**Given material**
━━━━━━━━━━
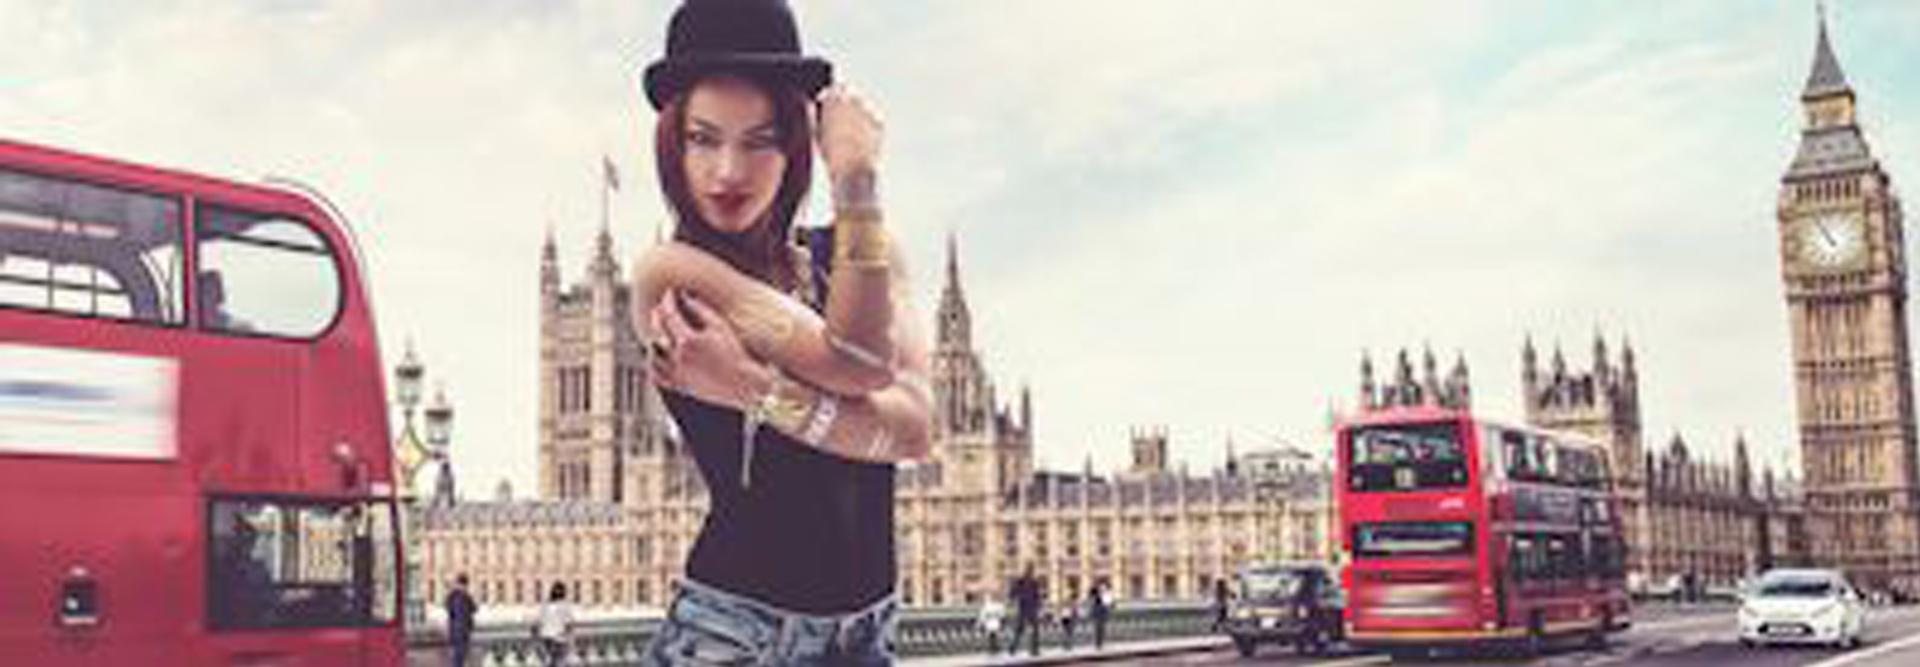 luxxink_london01
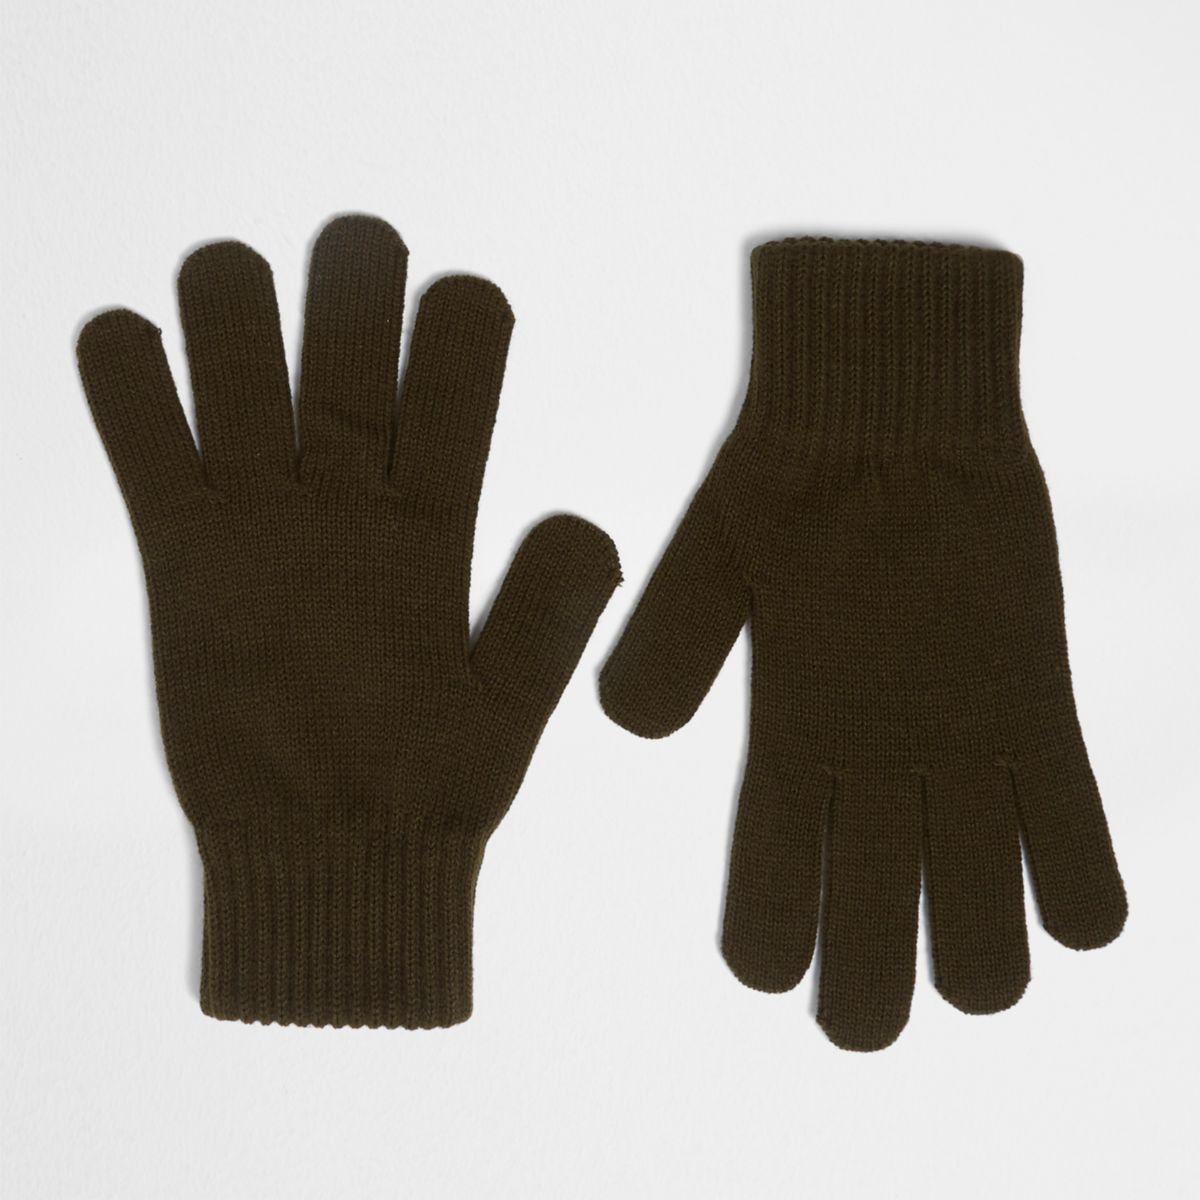 Khaki green knit gloves
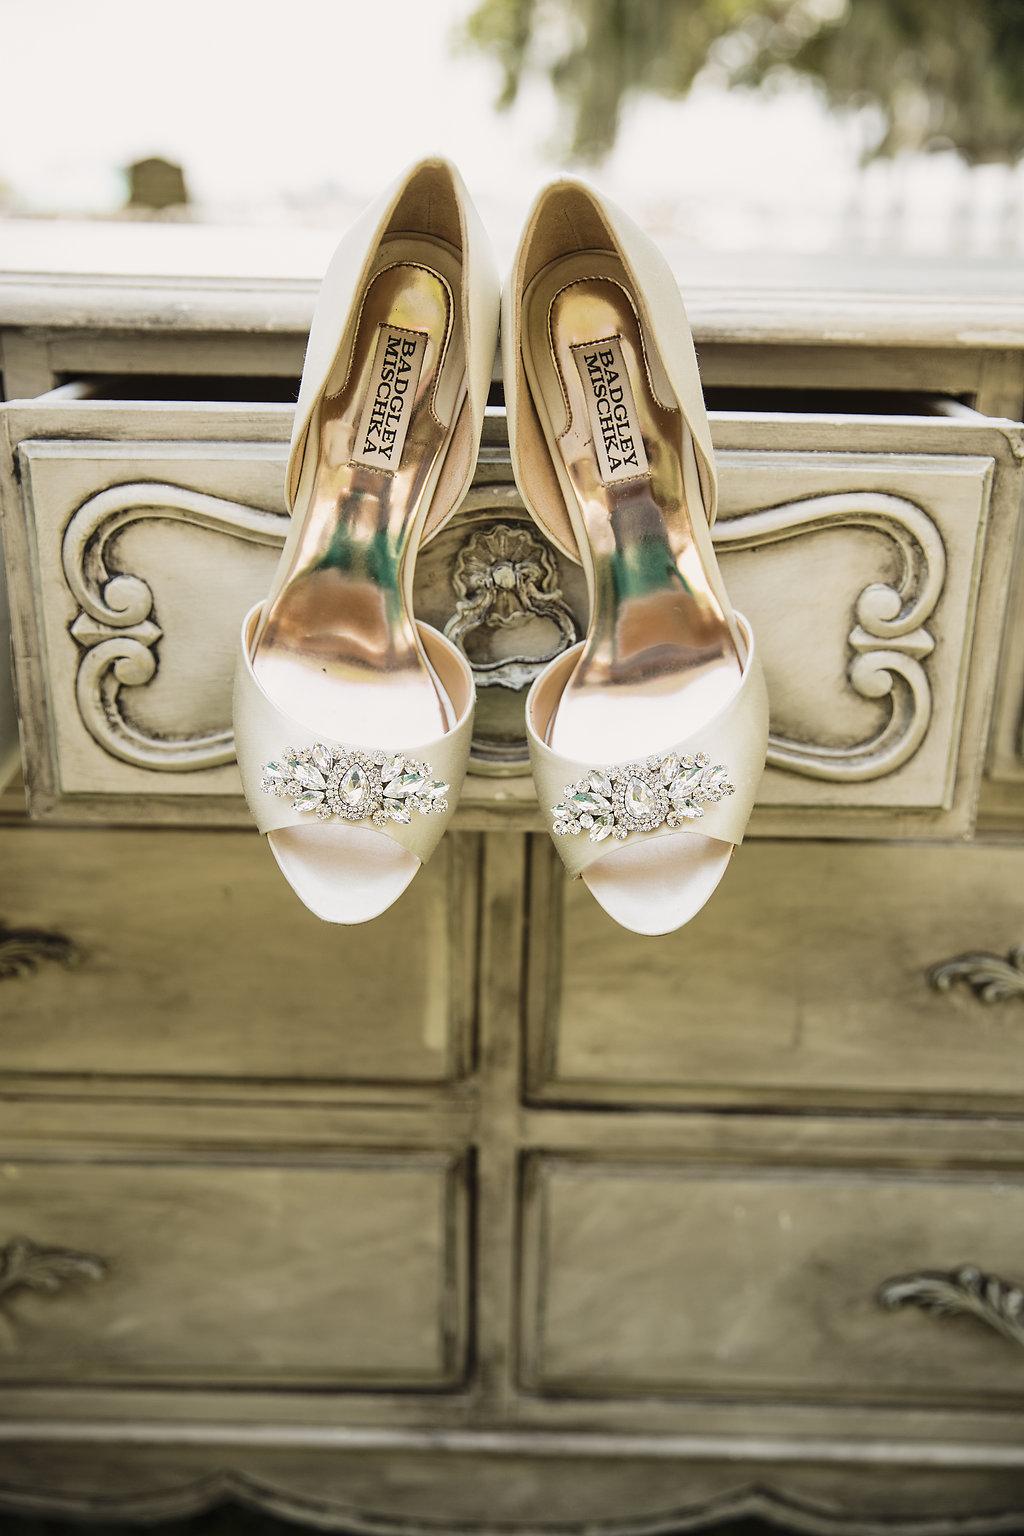 Cream Open Toed Badgley Mischka Wedding Shoes with Rhinestones
━━━━━━━━━━
**Work to be completed**
What you give back should be the full material above, retyped exactly, with every image removed.

**Answer below**
 luxxink_london01
 Khaki green knit gloves
 Cream Open Toed Badgley Mischka Wedding Shoes with Rhinestones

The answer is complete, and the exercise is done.